I am not saying that they big institutions don’t analyze and invest in smaller companies but when they do, it needs to fit their risk strategy and they can only shoot with their huge capital cannons at them. Like Buffett had to decide whether to invest half a billion in Snowflake or whether to invest nothing (half a bil. is still just 0.1% of Buffett’s company). And while doing that he/his team had to consider the risk distribution of his holdings and how an investment like SNOW will change in that.
What can you do better than the pro’s?
– You can watch the companies in your portfolio/watchlist way more closely and manage your portfolio more carefully. Know the company’s plan, watch how it executes that plan, you can reallocate money from worse executing to better executing companies easily.
– have a cash buffer – it comes handy in weird market swings
– You can learn to make money trading options.
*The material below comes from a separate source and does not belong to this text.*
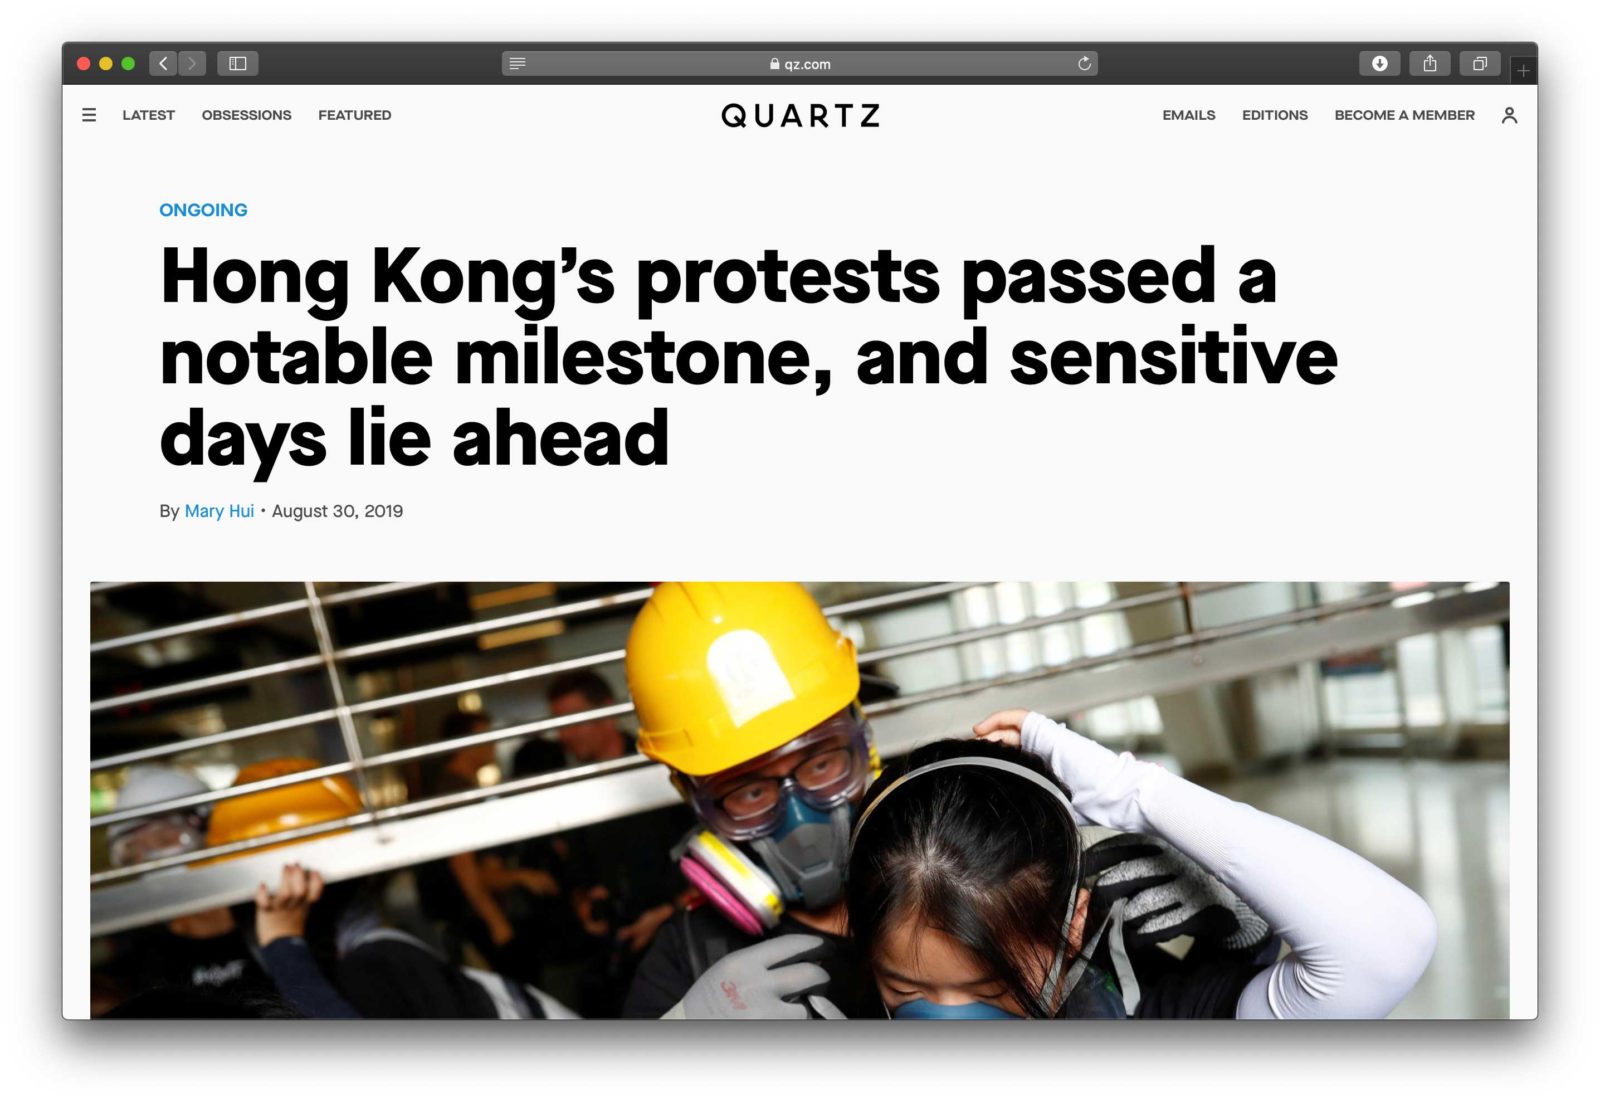 L’app Quartz rimossa dall’App Store cinese perché diffondeva notizie sulle proteste di Hong Kong

This requires additional dedication but you can get a steady income stream from options if you don’t use them for gambling.
– specialize on a specific market – you may still hedge your bets, but you can gain a significant advantage if you understand a specific market well
– focus on the long term – you don’t need to abandon companies after a quarter or two of subpar results as long as their market plan still holds water in fact, you can buy more shares for a discount (some of my most lucrative buys were after well publicized but bogus short thesis on some compenies)
What can you do like the pro’s?
While you won’t ever be able to underwrite an IPO or offshore your taxes like the big guys do, you can:
– find somebody to discuss your investments/potential investments with. It has to be a specific person (or a couple of them) that you can trust and where you know how they tick. Bringing additional points of view or even going through explaining your thesis to somebody can make wonders for your gains. It doesn’t work with anonymous, ever changing internet coments that well though – people tend to pull stuff out of their asses.
– be mindful of the risks in your portfolio and learn to hedge
– understand larger capital markets and how they may influence your portfolio (i.e. my portfolio would be overvalued by traditional measures and I should sell it – but I understand that it’s because large investors lost opportunities in other capital markets and are forced to jack up stock prices)
Disclaimer: This information is only for educational purposes. Do not make any investment decisions based on the information in this article. Do you own due diligence or consult your financial professional before making any investment decision.